Dear Advocate,
Yesterday’s second full day at CROI 2024 in Denver included several studies presented on biomedical prevention, and the sum total of the message is clear: PrEP works, and choice works! Advocates have long called for choice—and now the science shows it works for individuals and supports declines in population-level incidence. Whether we’re talking about a daily pill of PrEP, injectable cabotegravir, or the dapivirine vaginal ring (DVR), from the US to Kenya, Australia to Uganda, people deserve choice!
There was also more conversation about DoxyPEP, and how researchers and public health programs are balancing the public health benefits of reduced syphilis and chlamydia rates, with the threat of antimicrobial resistance, especially for gonorrhea.

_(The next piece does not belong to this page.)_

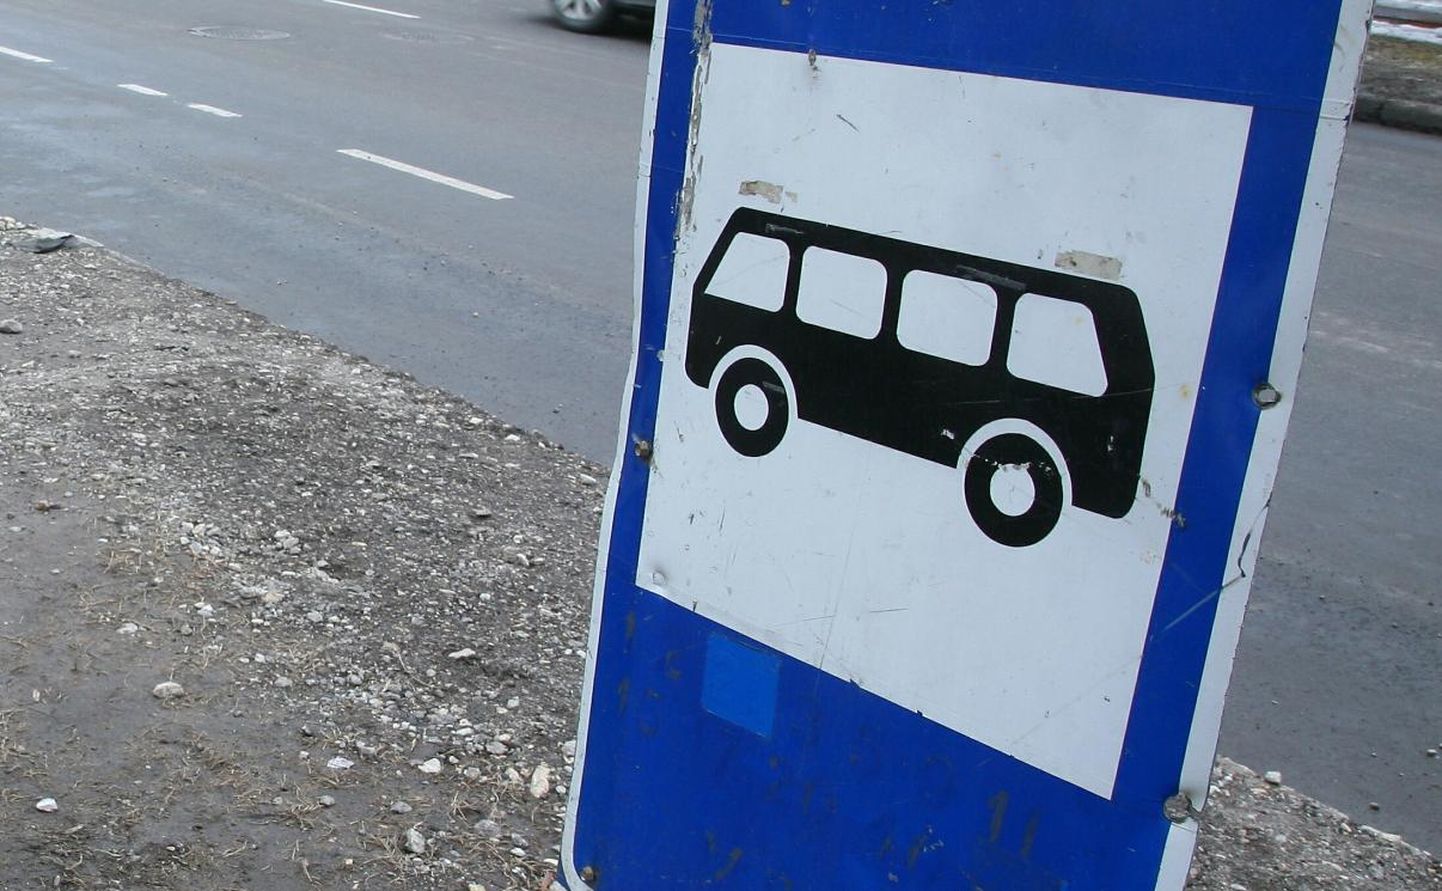 Pärnumaa ühistranspordikeskus teatas, et 20. novembrist lisandub reisijate soovil Tõstamaalt Varbla suunas sõitvate busside sõiduplaani kaks peatust.

Here are highlights of the research!
Tuesday's Community Breakfast Club message, Living with HIV for a Lifetime—It’s Complicated, rang loud and clear.
Allison Agwu from Johns Hopkins and Judith Currier from UCLA, talked about strategies presented on cross cutting health issues from cardiovascular disease to HPV that are affecting quality of life for PLHIV. And they talked about advances in treatment, such as the progress of long acting injectables, combination therapy with broadly neutralizing antibodies (bNAbs), and a long-acting pill—all of which are in the pipeline.
But the advocacy around these field-changing issues echoes the very same priorities for HIV prevention, and the same priorities needed for global heath equity at large. Once new products are approved, they simply don’t reach the people who need them most, and offering choice is the key to reaching impact.
“We are learning we have to figure out access in parallel with delivery. Clinics just can’t operationalize these innovations; we have to focus on this more and fund implementation science,” said Currier.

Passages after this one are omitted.